МАРКО. Да, я все прекрасно помню, я был совсем еще молод, но это меня потрясло. Вы писали лицо герцога, когда я вошел. Я принес корзинку с фигами и вместо того, чтобы сразу отдать ее вам, как я, скорее всего, и должен был поступить, я замер и молча смотрел на вас. Вы не слышали, как я вошел. В приоткрытую дверь проникал дневной свет, видно было, как зной пляшет на камнях, и я понял, что это был тот самый день и тот самый свет, что и на картине, но вместе с тем мне показалось, как бы это сказать, что спала какая-то завеса. Потом, да, я вспомнил, заметив меня, вы разрешили мне потрогать яйцо этой огромной африканской птицы.

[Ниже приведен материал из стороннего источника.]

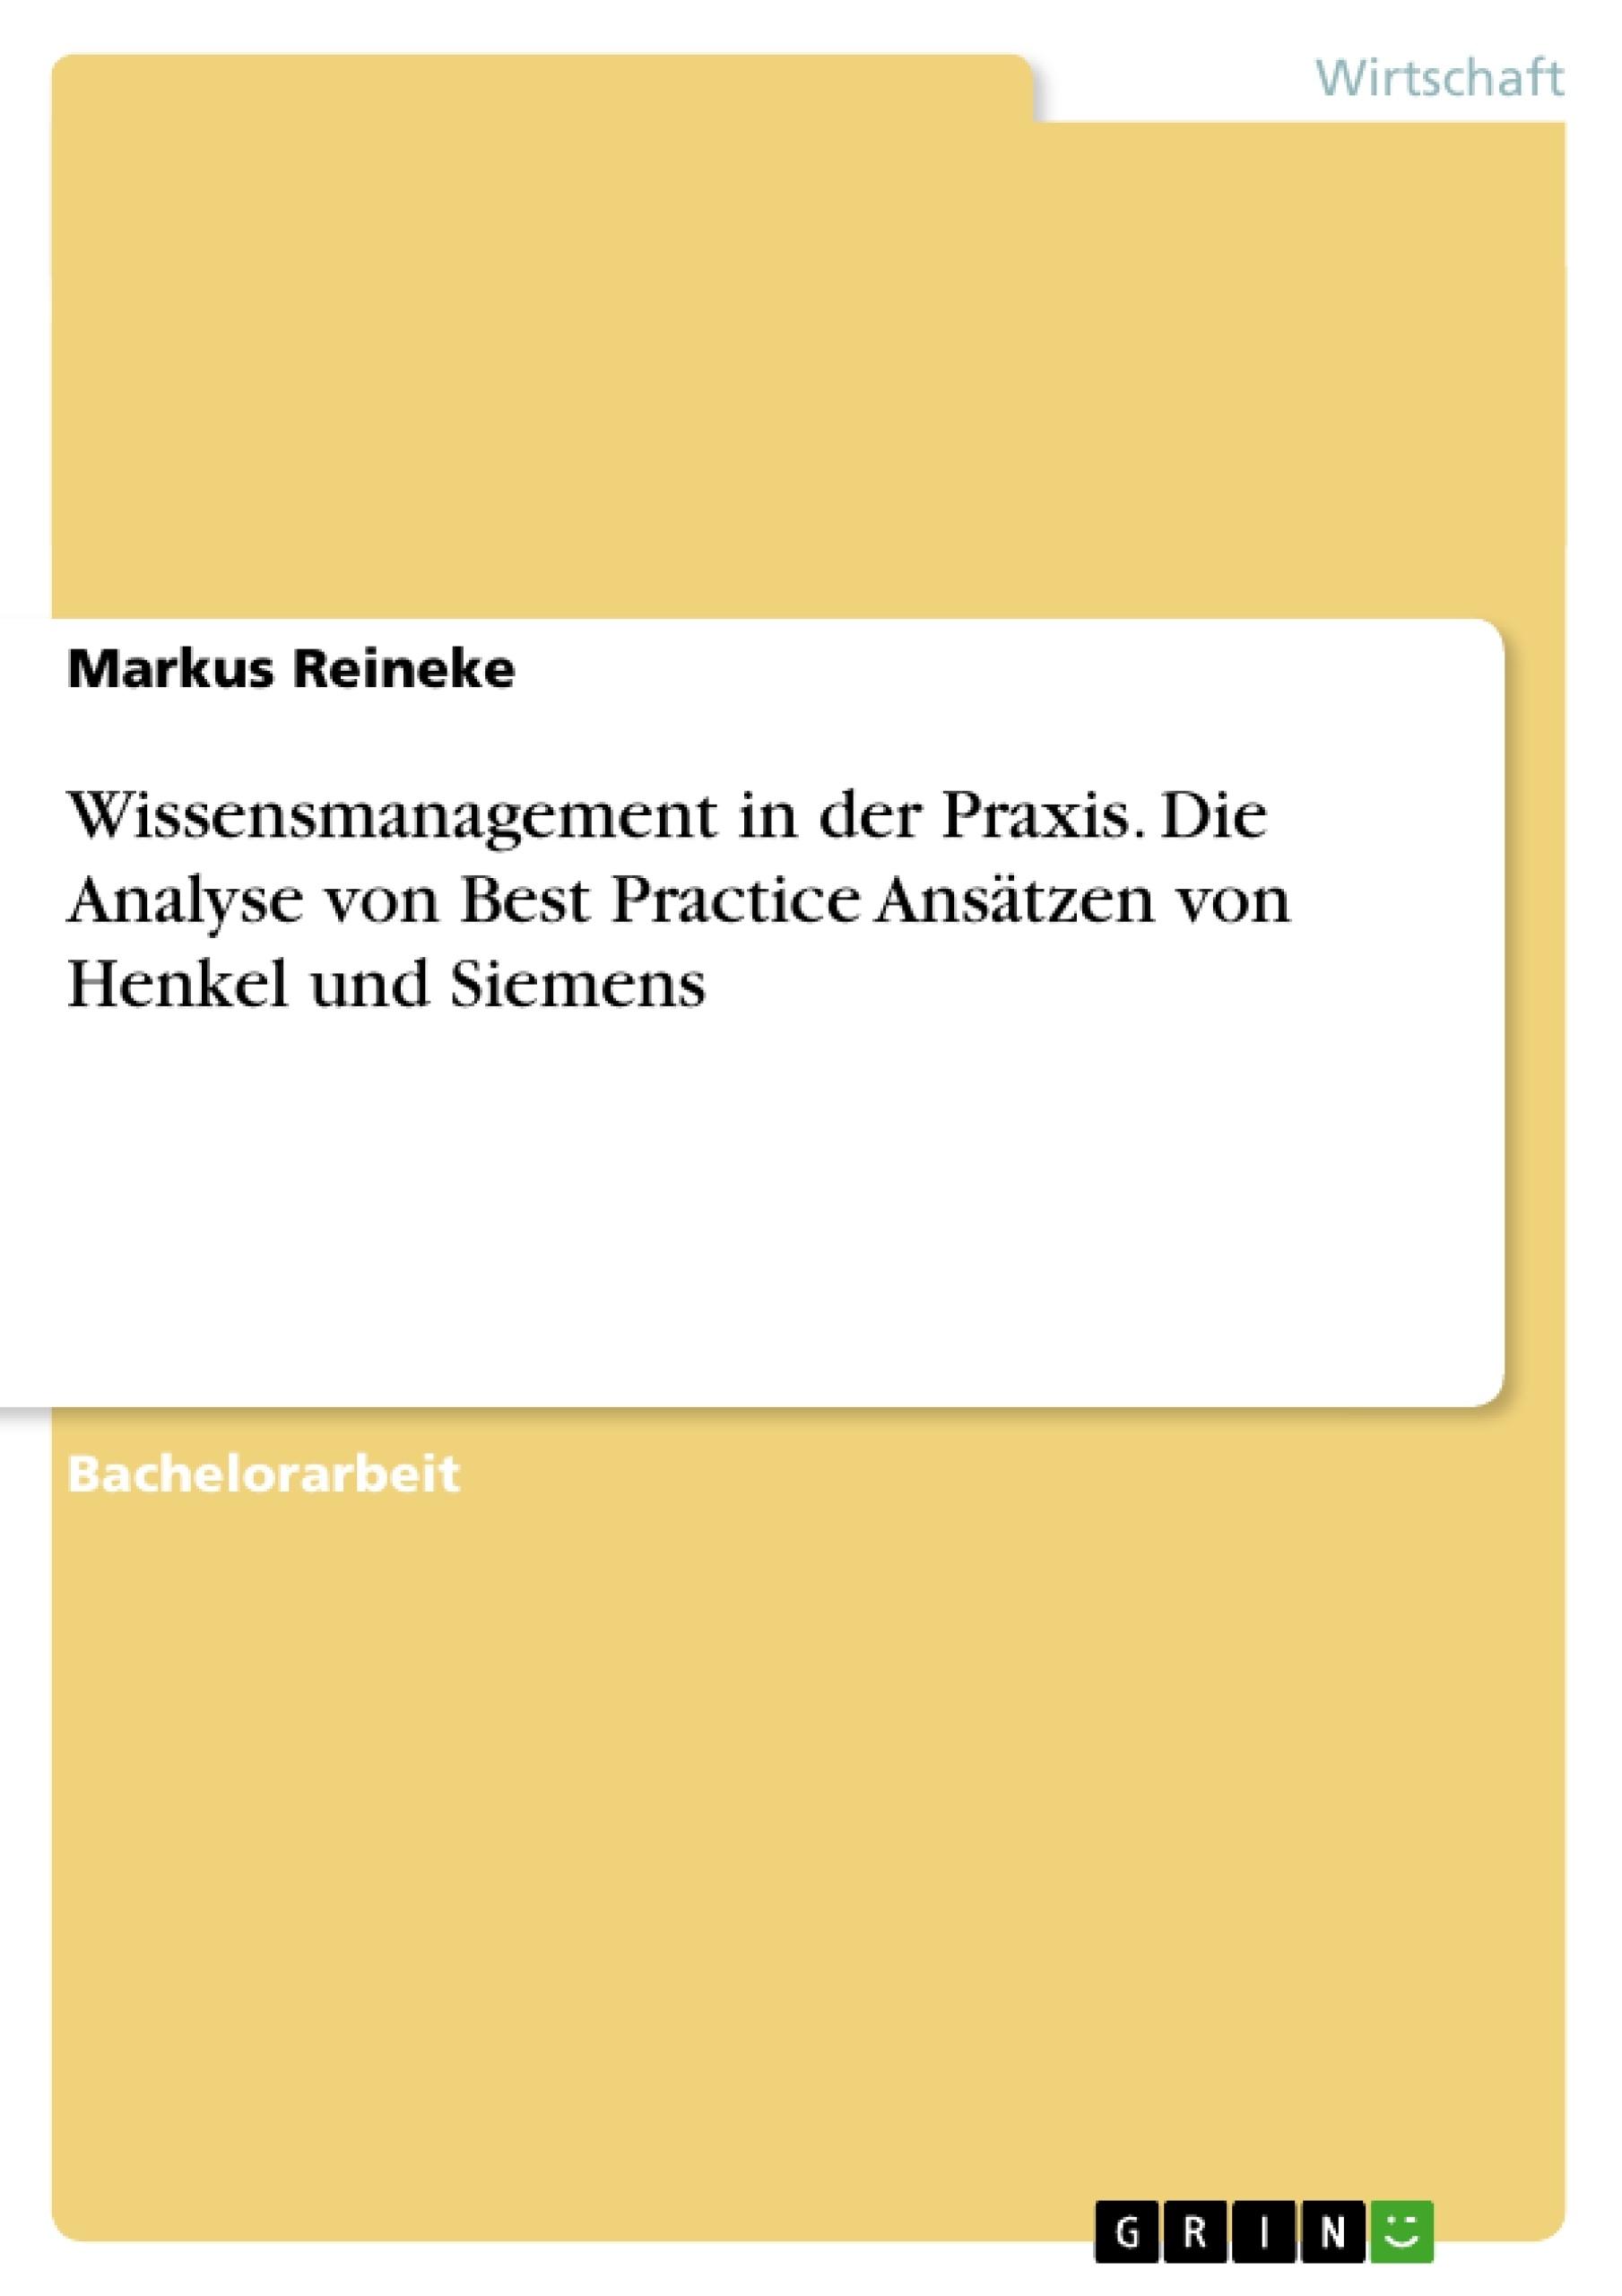 Titel: Wissensmanagement in der Praxis. Die Analyse von Best Practice Ansätzen von Henkel und Siemens

ПЬЕРО. Все верно, но я хочу сказать тебе, что никакой завесы я не срывал, ибо все было и раньше открыто благодаря расстояниям между предметами. Они могут двигаться, но все недвижно, как висящее яйцо, все натянуто, все держится! Все предметы — в зависимости от их веса, свойств, плоскостей, цвета. И равное безмолвие простирается отсюда до небосвода и от одного волоса на твоей голове до другого. Когда-нибудь научатся понимать это равновесие, различать эту сеть, где движения множатся сами, словно в неводе рыбаков, вылавливающих все видимое. Ты знаешь, мне ничего не пригрезилось, тогда я просто смотрел, а теперь, когда я уже не вижу, приходится вспоминать, но это то же самое, разве что позолоты чуть больше, на ангеле и солдате, которых я написал возле дремлющего короля, все это цело и невредимо, но ведь оно и раньше было невредимо. Видимое — это большой сосуд, где каждый из предметов есть эхо, которое исходит от самого себя по направлению к воспринимающему его глазу. Когда ты находишься вовне, как в том свете, что ты видел у моей двери, отзвуков так много, что ты не в состоянии их воспринимать. Они перемешиваются между собой, видение мутнеет, но этого нам достаточно, чтобы бродить по миру, забросив на время свои дела, хотя каждый отзвук в то же время отличен от другого, и мы, художники, вместо того чтобы спешить, подобно всем вам, движемся медленно, от эха к эху, следуя линиям, которые они образуют, а тени нам их являют. Свет рассеивает и собирает возникающие тени, этих болтливых и молчаливых сестер эха. Искусство перспективы — не что иное, как искусство натянутых эхом линий, и люди пересекают их, не замечая.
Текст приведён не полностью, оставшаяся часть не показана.